Ghanaian President Nana Akufo-Addo Discusses Democracy and Development in Africa

A new age is dawning on the African continent, one that will utilize democratic processes and economic development to create a prosperous, independent future for the African people, Nana Addo Dankwa Akufo-Addo, president of the Republic of Ghana, told an audience at the Yale School of Management on September 27.

“Democracy and freedom are providing the political, social, and economic platforms for Africa’s long-awaited development,” Akufo-Addo said. “Africa is on the cusp of building a great new civilization, one  which will unleash the great energy and potential of the African people.’

Akufo-Addo spoke about democracy and development in Africa to a capacity audience in Yale SOM’s Zhang Auditorium as part of  the Leaders Forum lecture series. The series brings leaders from business and government to Yale to speak students. The event was also part of Yale President Peter Salovey’s Yale Africa Initiative.

Yale SOM Deputy Dean David Bach introduced Akufo-Addo, noting that within 24 hours of the event’s announcement, Zhang Auditorium was booked to capacity: “Mr. President, this shows you how much interest there is in you, in your country, and in Africa here at Yale.”

Calling Akufo-Addo “a tireless promoter of trade and investment in Africa, and of Africa’s engagement with the world,” Bach commended the president for pursuing business and democratic practices as a means to sustainable development. He also pointed out that Yale SOM has strong ties to Africa.
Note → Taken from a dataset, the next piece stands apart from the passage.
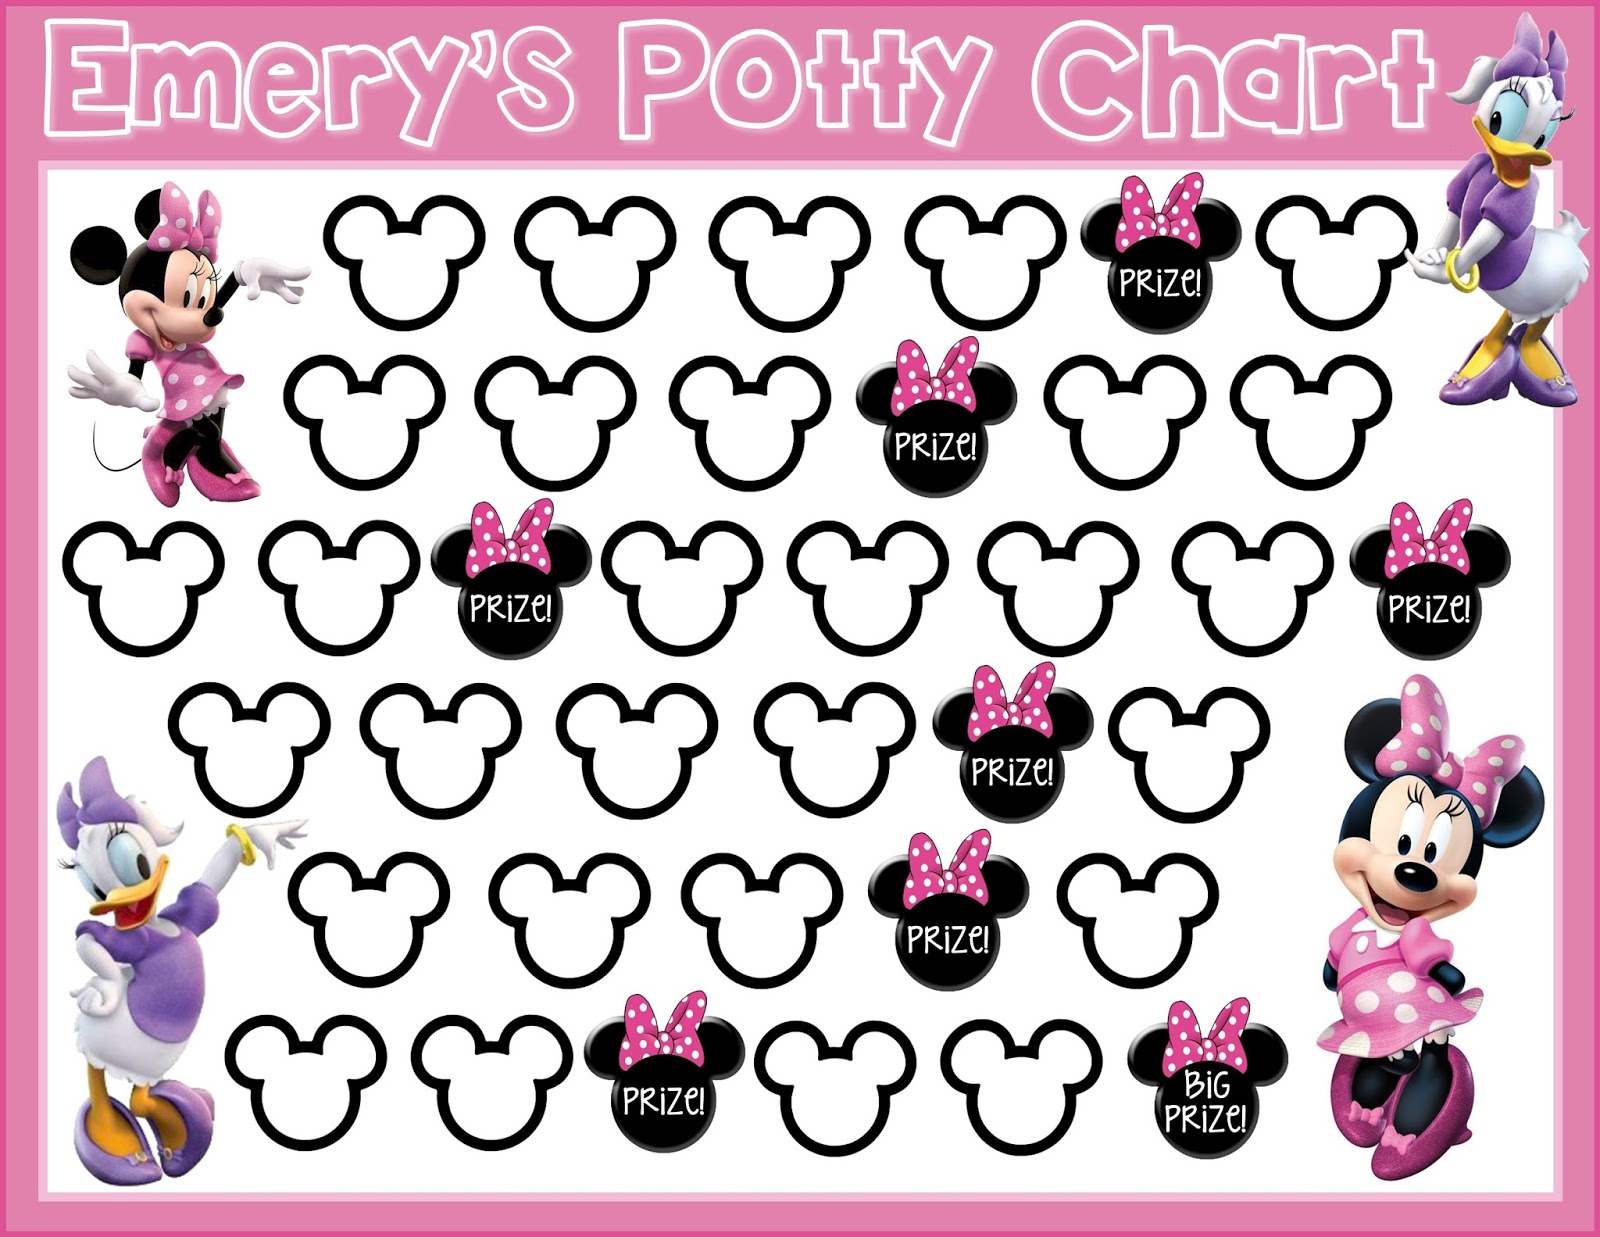 Free Printable Potty Chart Minnie Mouse

The continent is home to four member schools in the Global Network for Advanced Management. 

Elijah Paintsil, associate professor of pediatrics, epidemiology, and pharmacology at the Yale School of Medicine, moderated the conversation with Akufo-Addo.

“I’m happy to be here and among this audience of people who have an interest in what we’re doing to help Africa—and Ghana—achieve its full potential,” Akufo-Addo said.

In his 20 months as president, Akufo-Addo said, he has worked to build upon the gains that Africa has been making since the 1990s, as more countries have embraced democracy as tool for nation-building. “The past decade has been one of great expectation and promise for Africa,” he said.

The continent is rich in resources, home to the world’s second largest population and 25% of the world’s agricultural land, in addition to rich reserves of the minerals necessary to run a modern economy. “We have no excuse to deny this generation a new future of options and expectations,” he said.

But issues of mass poverty and lack of opportunity continue. Akufo-Addo said that Africa must address the “toxic problem of job creation” that forces migrants to undertake often dangerous journeys to Europe  “because they do not see a future in their respective countries.”

“Our economies must produce wealth and opportunities for their peoples,” he said. This wealth cannot be based solely on the production and exporting of raw materials, but should instead come from a diversified economy that promotes an educated workforce and industrial development.

Akufo-Addo’s government  has invested in expanding education and technical training for children and for young adults, while also investing in the digital revolution, he said.

Following his address, Akufo-Addo answered audience questions on topics including how to build bridges between Americans of Ghanaian descent and Ghana; the policies that Ghana has put in place to ensure continued economic progress even when presidential administrations change; and whether democracy offers a path for equitable economic growth in Africa.

Akufo-Addo emphasized that African nations must no longer rely on foreign aid. “I want us to have more self -confidence and accept that we shall never reach the level of development that we aspire to by relying on aid or external assistance, no matter how generous,” he said. “The time has come for us to pursue a path to prosperity and self-respect for our continent.”